Your task » Everything from the opening line of the listing below to the line that has "В округе Пушкинский провели", inclusive, should be returned exactly, except the pictures.

Raw data »
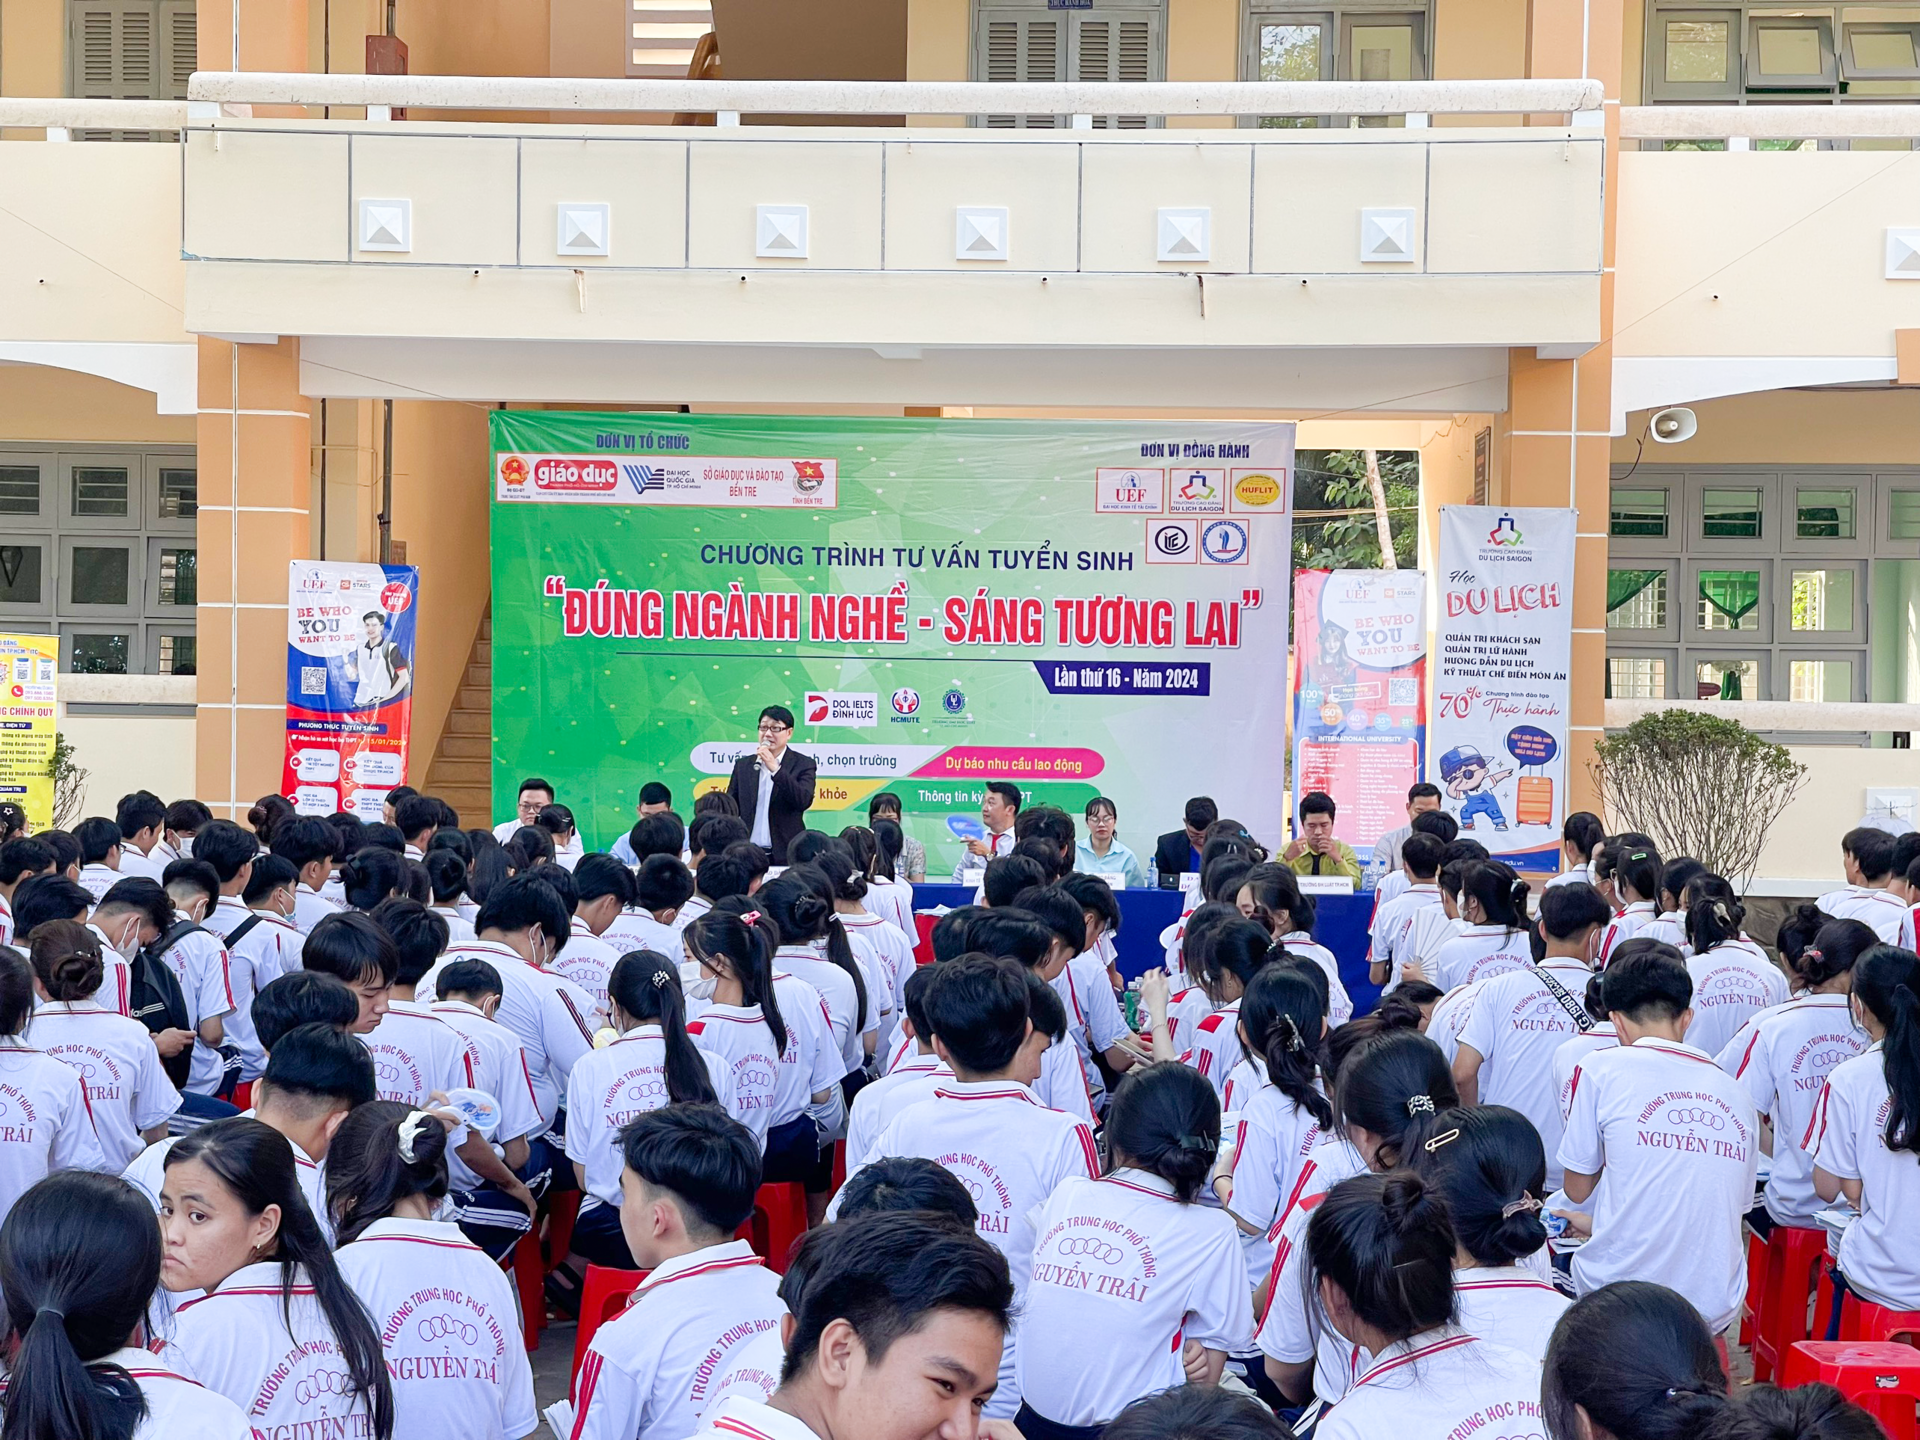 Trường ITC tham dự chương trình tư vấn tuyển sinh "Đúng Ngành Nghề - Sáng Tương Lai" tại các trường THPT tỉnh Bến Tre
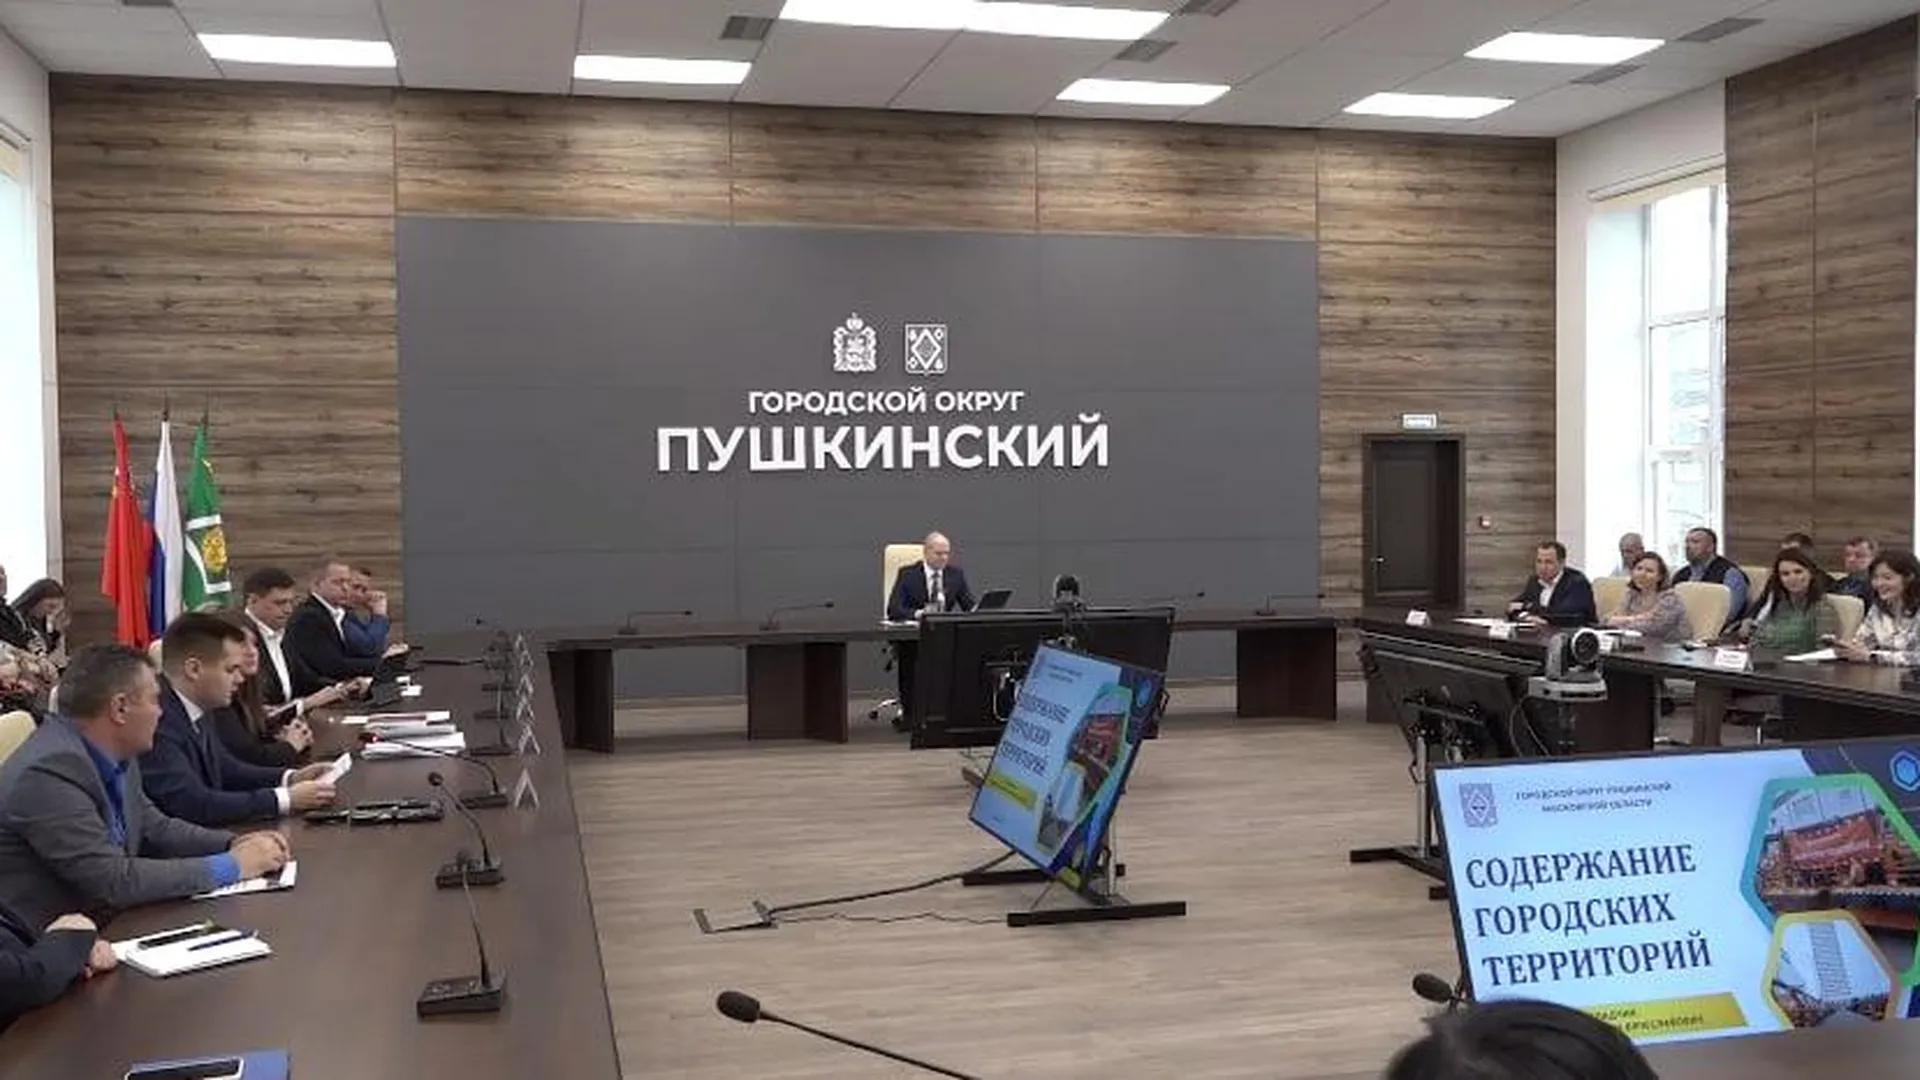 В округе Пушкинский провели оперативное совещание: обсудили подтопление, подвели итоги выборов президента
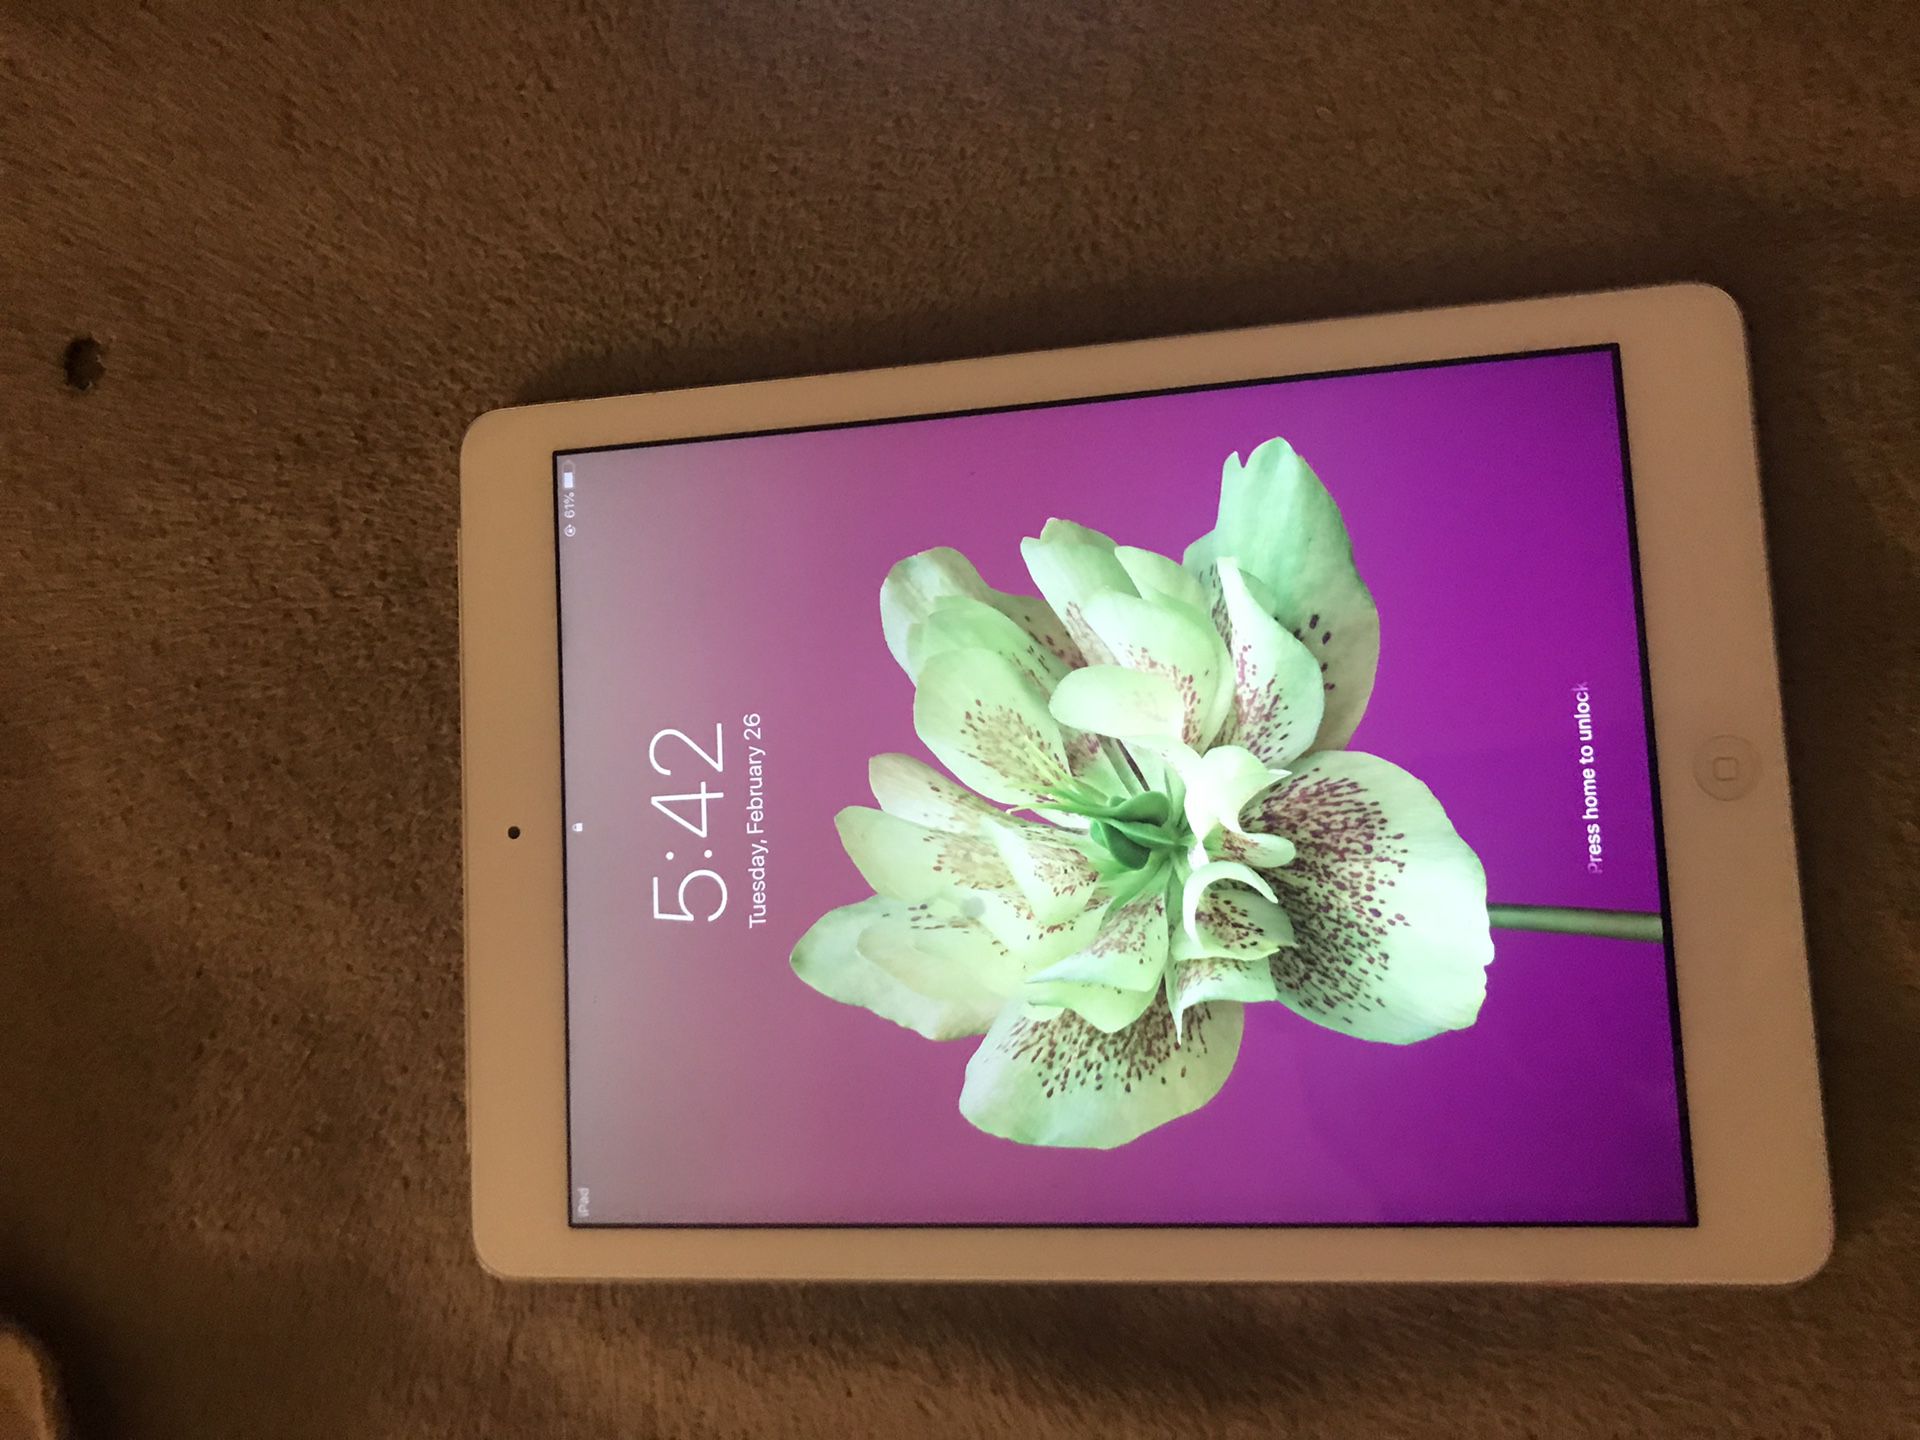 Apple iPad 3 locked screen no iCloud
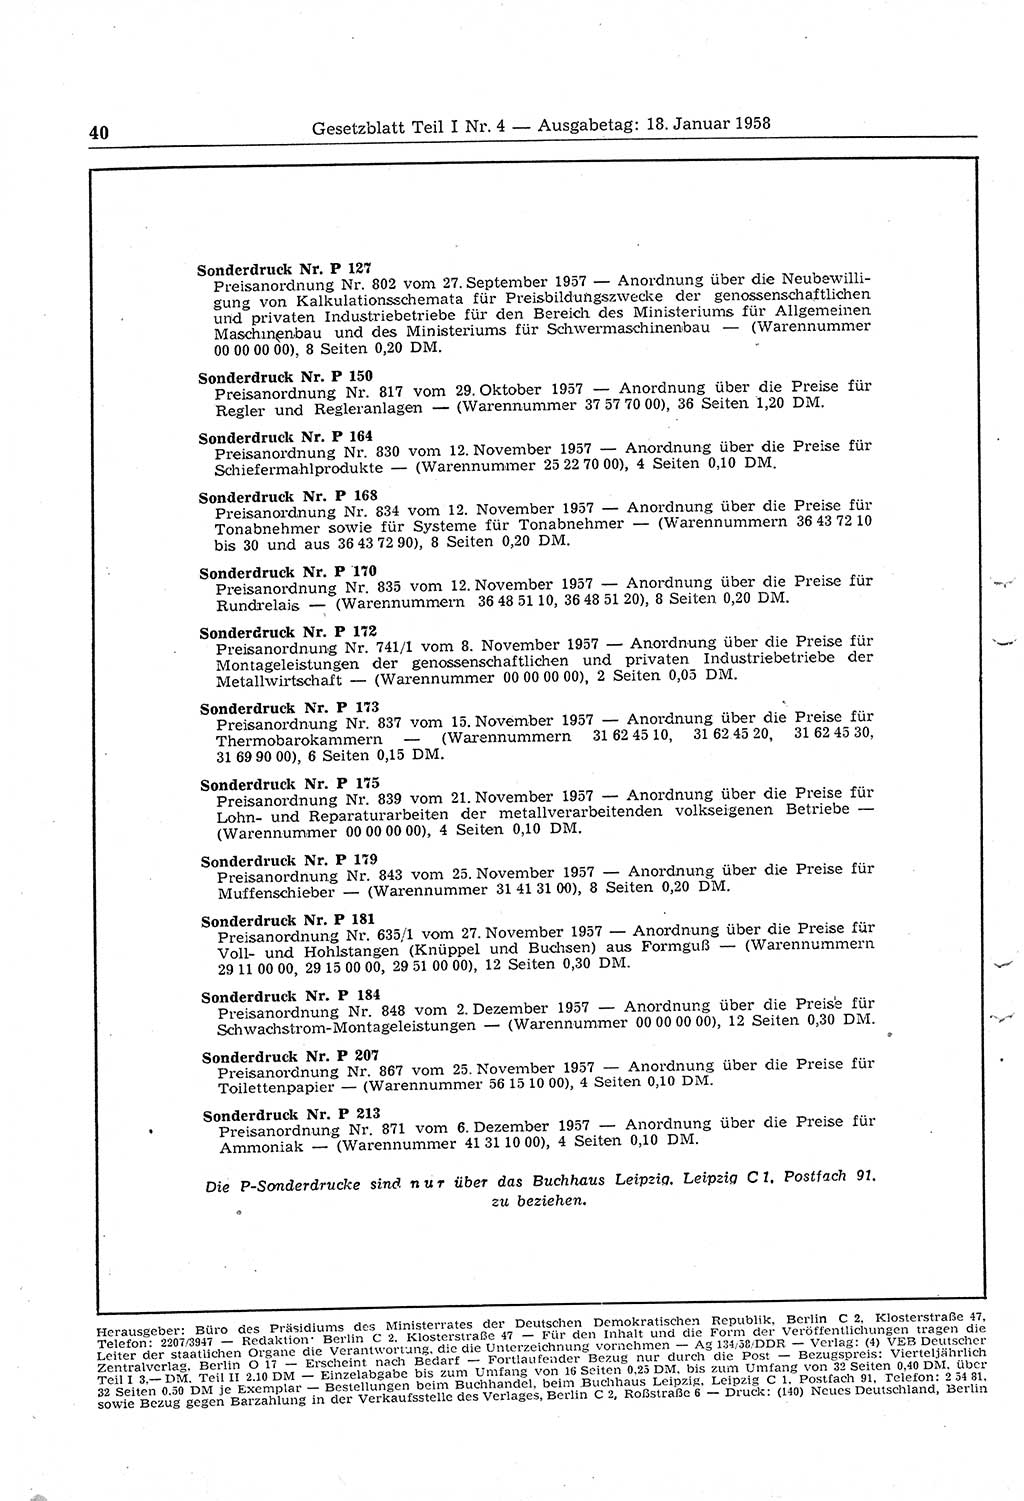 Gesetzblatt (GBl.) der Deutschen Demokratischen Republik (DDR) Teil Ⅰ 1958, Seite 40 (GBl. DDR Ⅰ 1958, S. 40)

Expected output »
 Trường ITC tham dự chương trình tư vấn tuyển sinh "Đúng Ngành Nghề - Sáng Tương Lai" tại các trường THPT tỉnh Bến Tre
 В округе Пушкинский провели оперативное совещание: обсудили подтопление, подвели итоги выборов президента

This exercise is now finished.